* **Task directions**
From start to end, write out the following data exactly, apart from its images.

* **Information provided**

+ + + + + + +

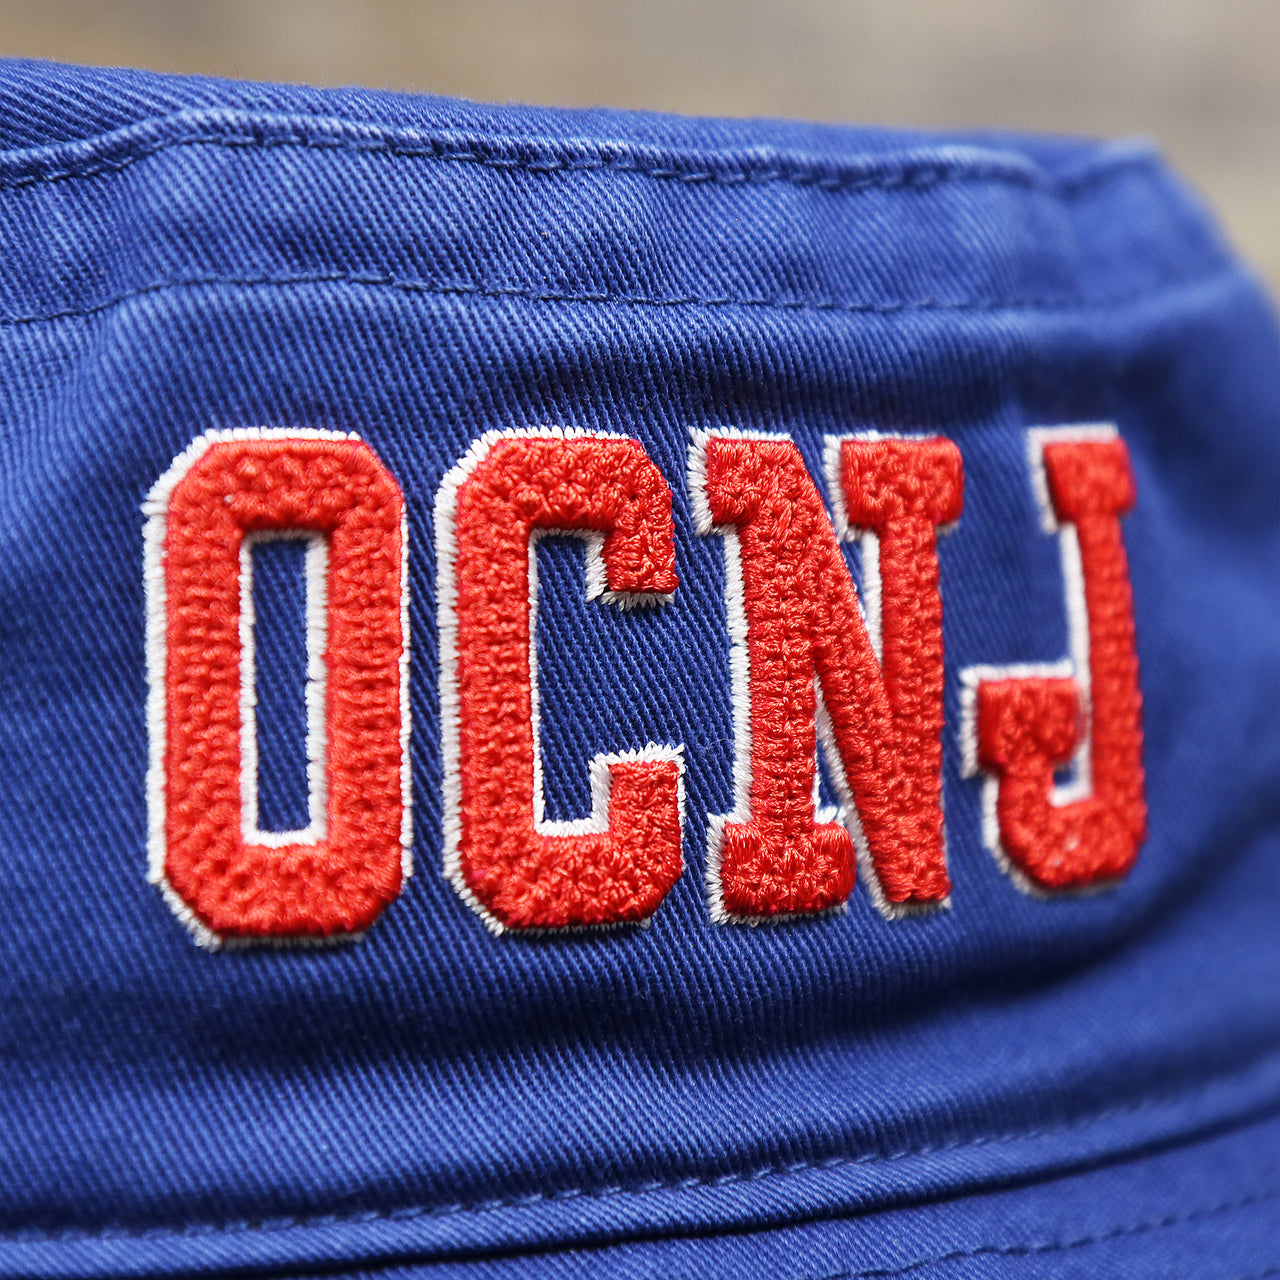 The OCNJ Wordmark on the Ocean City New Jersey OCNJ Wordmark Bucket Hat | Royal Blue Bucket Hat
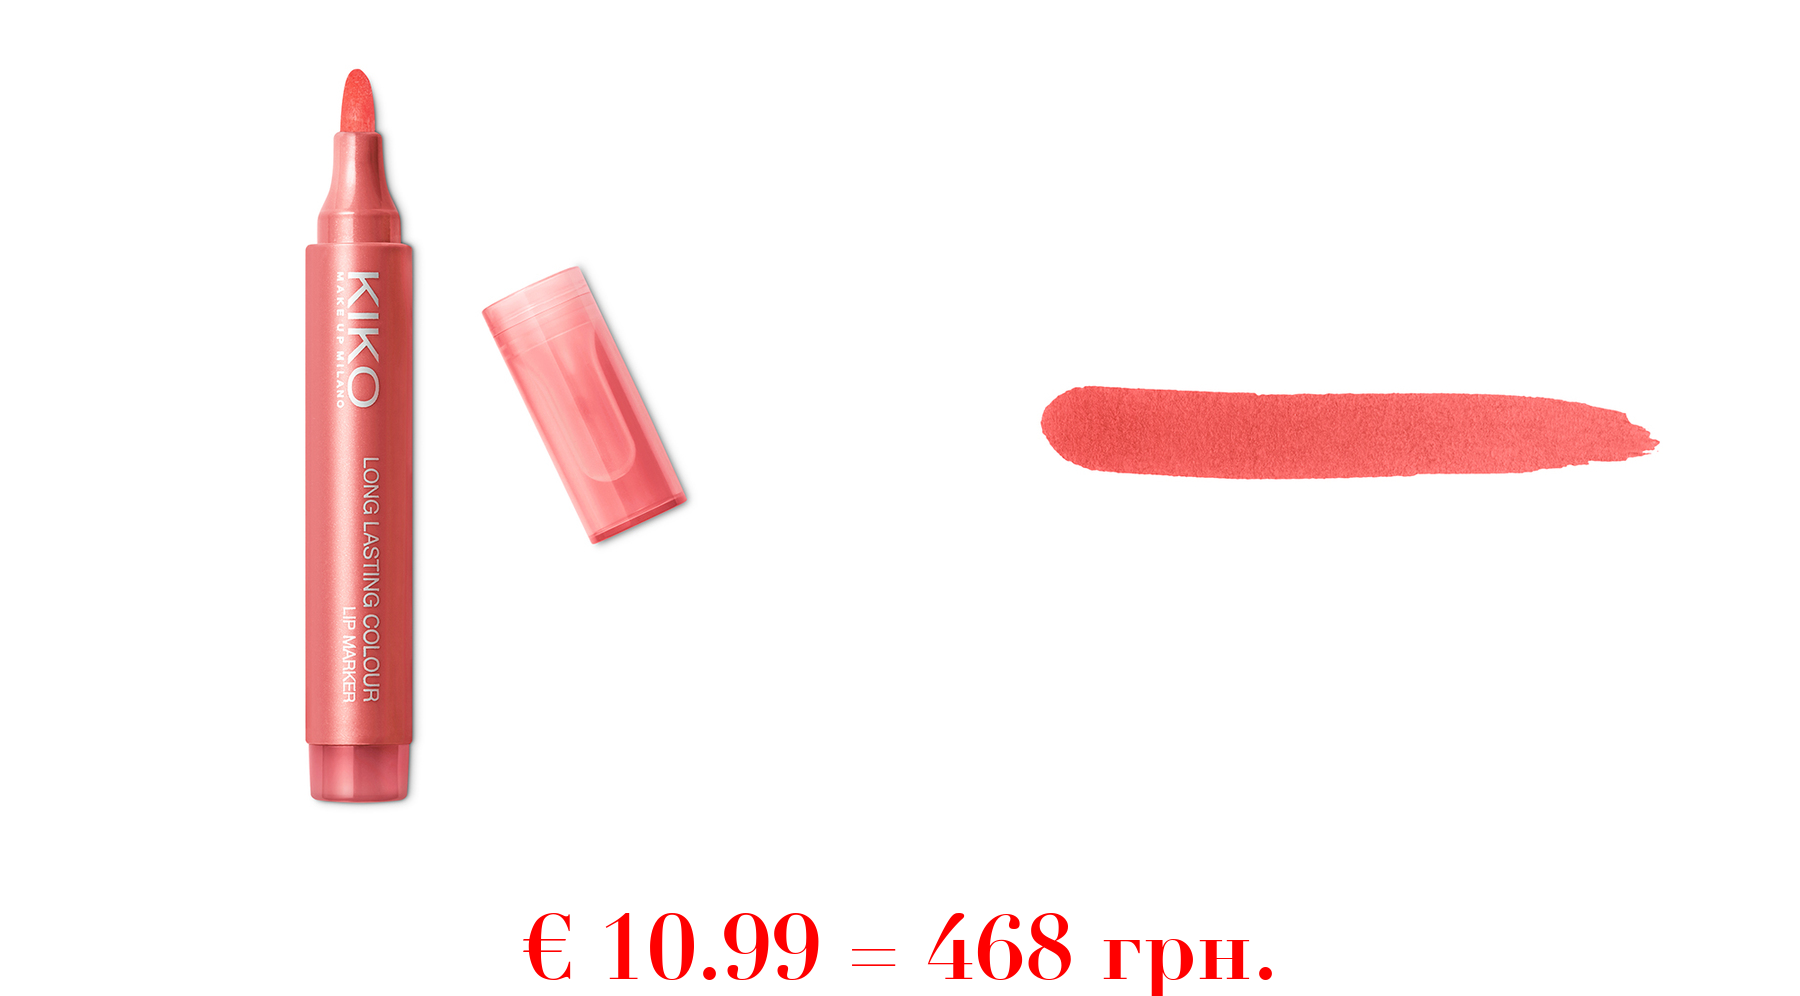 long lasting colour lip markerLippenstift no-transfer, natürlicher Tattoo-Effekt und extrem langer halt (10 stunden*)
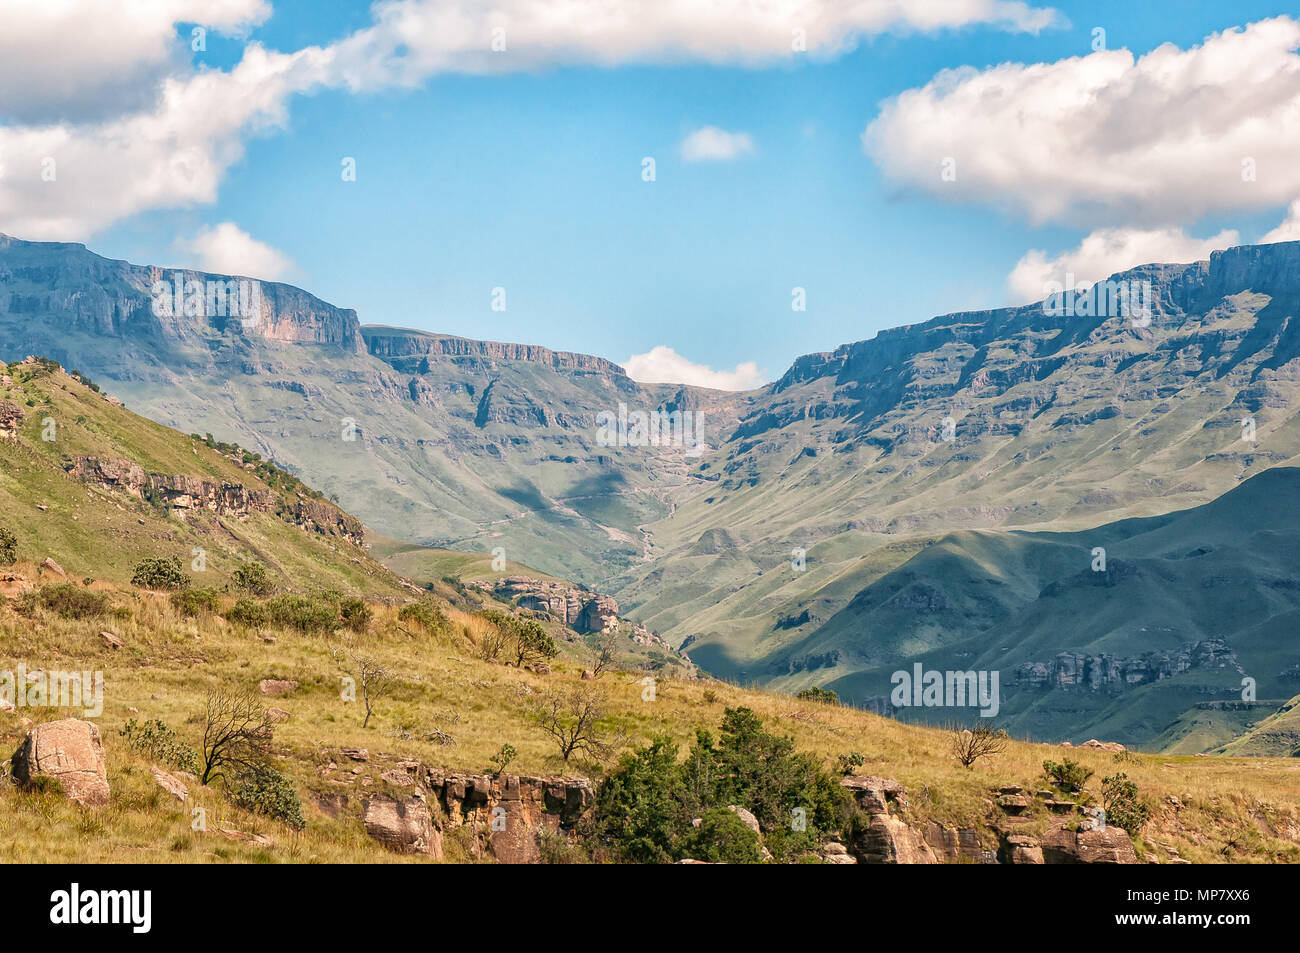 Landschaft auf dem Weg zum Sani Pass Grenzposten in der Nähe von Himeville, in der Provinz Kwazulu-Natal. Die serpentinen der Sani Pass ist sichtbar in der Stockfoto

+ + + + + + +

* **Answer space**
 The OCNJ Wordmark on the Ocean City New Jersey OCNJ Wordmark Bucket Hat | Royal Blue Bucket Hat
 long lasting colour lip markerLippenstift no-transfer, natürlicher Tattoo-Effekt und extrem langer halt (10 stunden*)
 Landschaft auf dem Weg zum Sani Pass Grenzposten in der Nähe von Himeville, in der Provinz Kwazulu-Natal. Die serpentinen der Sani Pass ist sichtbar in der Stockfoto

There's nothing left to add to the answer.